Bleiben nur noch zwei Dinge für den optimalen Filmgenuss. Wenn Sie Ihr Heimkino mit billigen Klappstühlen bestuhlen, macht das natürlich keinen Spaß. Gute Sofas (nicht zu weich) sind da sinnvoller. Und fürs Popcorn gibt’s erfreulicherweise Maschinen oder die Mikrowellen-Variante.
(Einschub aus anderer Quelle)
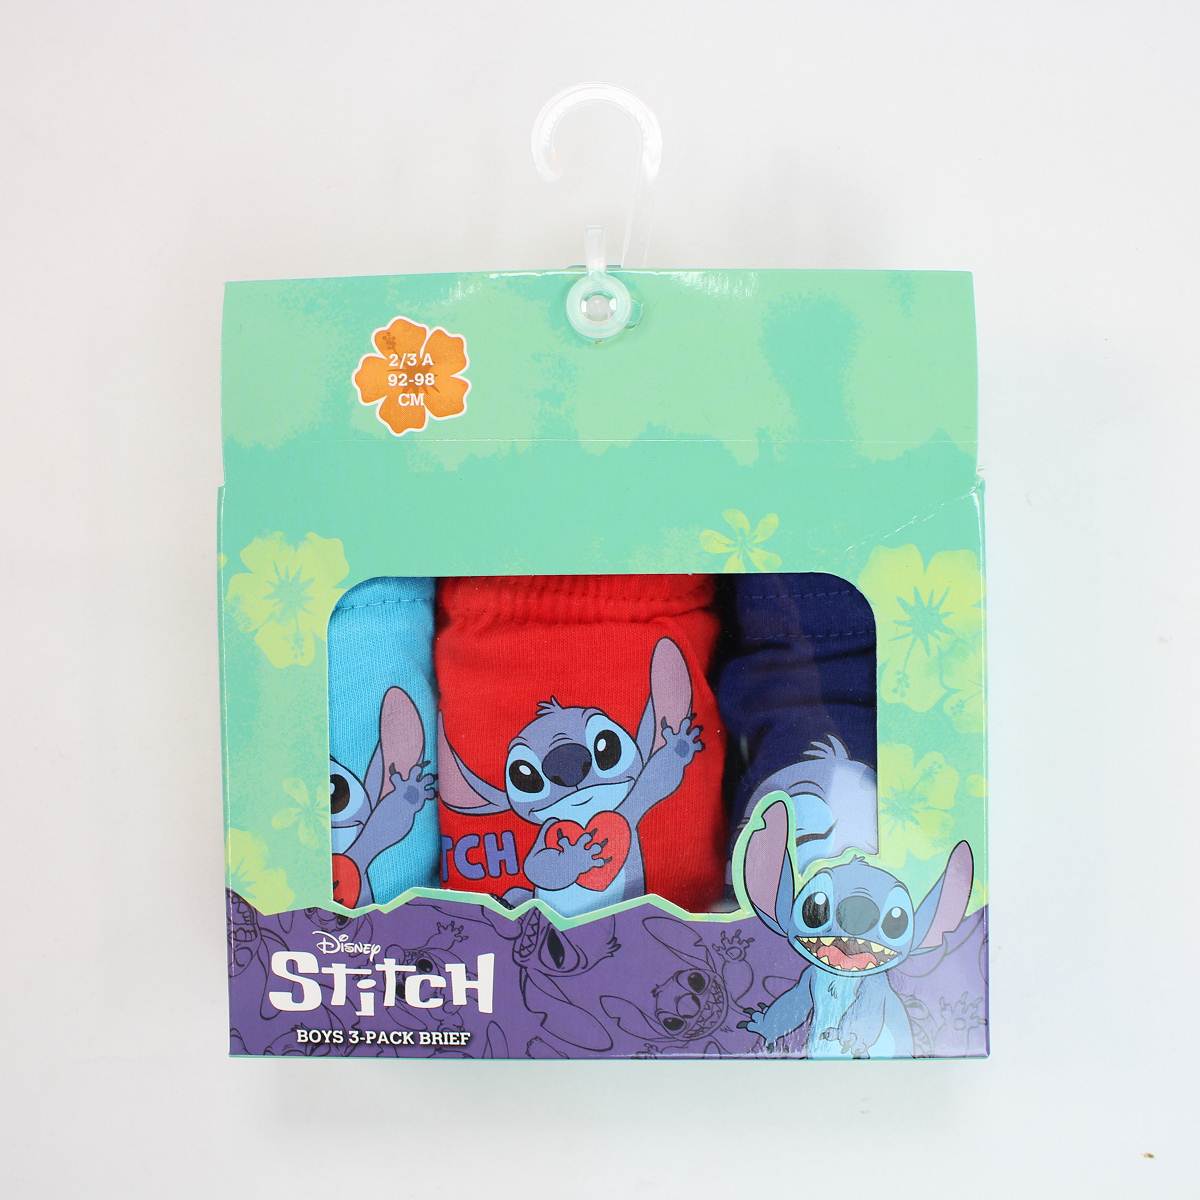 3-pack of ©Disney Lilo & Stitch briefs -

Und nun: Vorhang auf, Film ab!

Checkliste zum Heimkino einrichten

  1. Das Bild: Beamer oder Fernseher?
  2. Der Ort: Wohnzimmer oder Extraraum?
  3. Das Publikum: Sofa, Sessel oder Stühle?
  4. Die Anlage: 5.1- oder 7.1-Surround-Sound?
  5. Der Klang: THX, DTS oder ProLogic? Die AV-Verbindung: HDMI, YUV oder SPDIF? Das Vergnügen: Bier, Cola & Popcorn parat?